The Comprehensive Epilepsy Care Center provides clinical care, education and research in a comprehensive, multidisciplinary manner for patients of all ages with seizure disorders. Our goal is to help individuals with epilepsy control their seizures through personalized, comprehensive medical, psychosocial, electroencephalographic, surgical and nursing care.
The inpatient Epilepsy Monitoring Unit is designed to diagnose patients experiencing seizures to determine if they have epilepsy or a different neurological condition. The average hospital stay is five to seven days. Those admitted to the EMU have various medical assessments including photic stimulation, sleep deprivation, hyperventilation, and exercise stimulation. Patients are evaluated with state-of-the-art video electroencephalographic (EEG) to determine if the patient is a candidate for surgical intervention or medication intervention.
After completion of evaluation in the EMU, patients move to a treatment plan based on the their individual seizure type(s). Many treatment plans consist of receiving antiepileptic drugs. Medications are added in a judicious and safe manner. When needed, patients are taught how to self-administer their antiepileptic drugs. Sometimes patients are candidates for drugs studies/drug protocols.
If nonepileptic episodes are part of the patient's intractable seizure disorder, appropriate counseling and psychological techniques are initiated and followed by ongoing outpatient counseling.
If neurosurgical intervention is an option, a conference among the epileptologists, neurosurgeons and the Comprehensive Epilepsy Care Center staff is held to thoroughly review the individual case.

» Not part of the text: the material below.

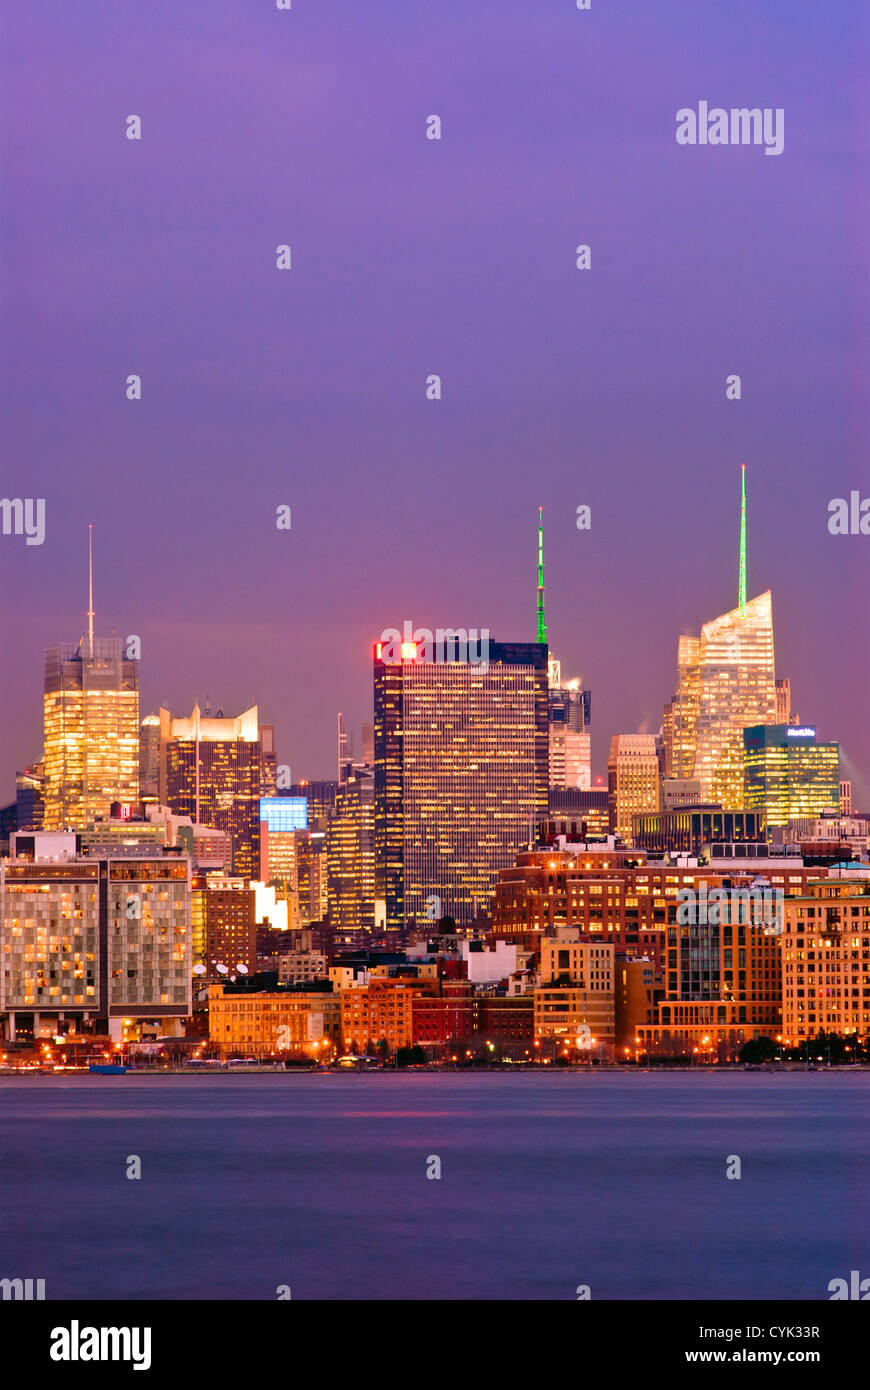 Midtown West Skyline, New York City, Manhattan, darunter die New York Times, One Penn Plaza und Bank of America Buildings. Stockfoto

The results, as well as the benefits and risks, are discussed with the referring physician, patient and family members.
Neurosurgical procedures may consist of surgical resections including temporal lobectomies, frontal topectomies, topectomies in other regions, lesionectomies, and implantation of surgical devices including vagal nerve stimulators and cranial stimulators, such as NeuroPace. Some patients may require subdural grids or strips or subpial transections or corpus callosotomies.
In addition, numerous drug protocols with the latest antiepileptic drugs are available both on an inpatient and outpatient basis. Both children and adults may be eligible to participate in drugs studies. All studies are thoroughly explained to the patient and include an extensive explanation of the consent and Institutional Review Board (IRB) approval.

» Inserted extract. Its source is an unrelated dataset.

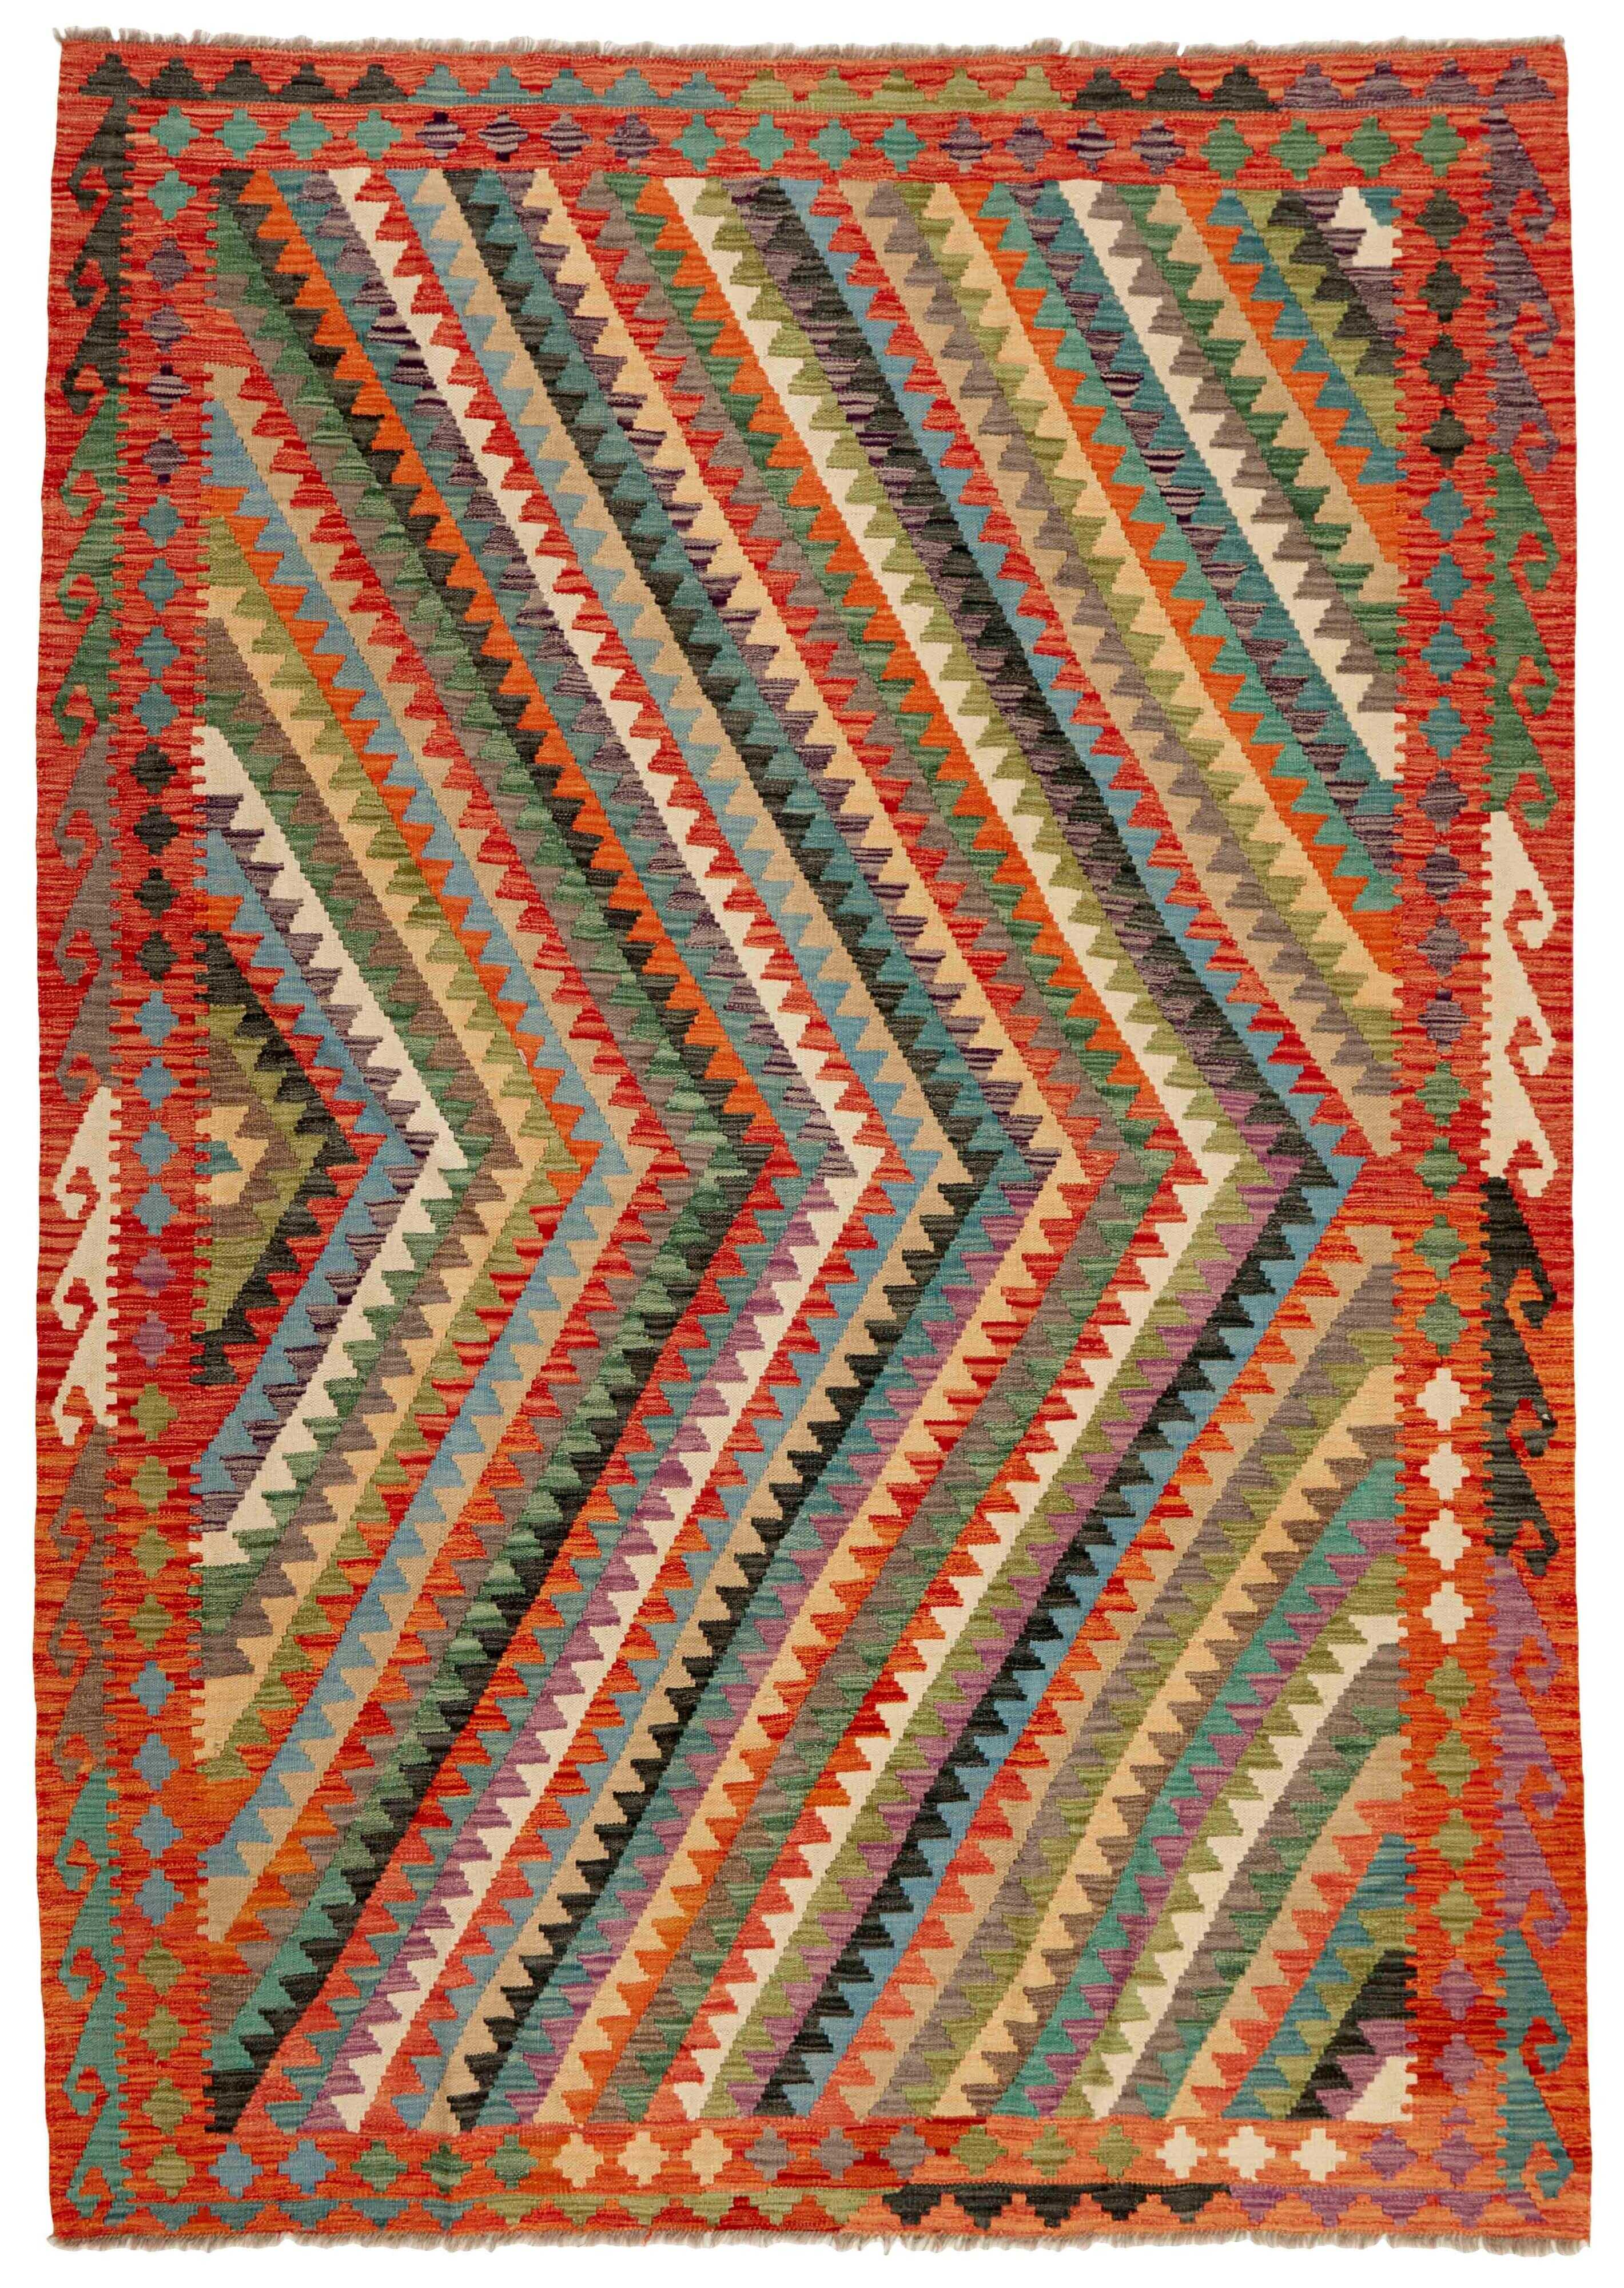 Oriental kelim flatweave rug with a geometric design in blue, red, yellow, beige and orange

The Comprehensive Epilepsy Care Center is overseen by Medical Directors and Epileptologists/Neurologists William E. Rosenfeld, MD, and Susan M. Lippmann, MD. Neurosurgical care is provided by Michael Polinsky, MD.
William E. Rosenfeld, MD
Dr. Rosenfeld is a board-certified neurologist on staff at Missouri Baptist Medical Center. He received his medical degree from Texas Tech University School of Medicine. Dr. Rosenfeld completed his residency in neurology and internship in internal medicine at the University of Miami and fellowship in epilepsy at the University of Minnesota.
Susan M. Lippmann, MD
Dr. Lippmann is a board-certified neurologist on staff at Missouri Baptist Medical Center. She received her medical degree from Texas Tech University School of Medicine. She completed her internship and residency in internal medicine at Texas Tech University School of Medicine and also completed a residency in neurology and fellowship in electromyography at the University of Miami School of Medicine Jackson Memorial Hospital in Florida.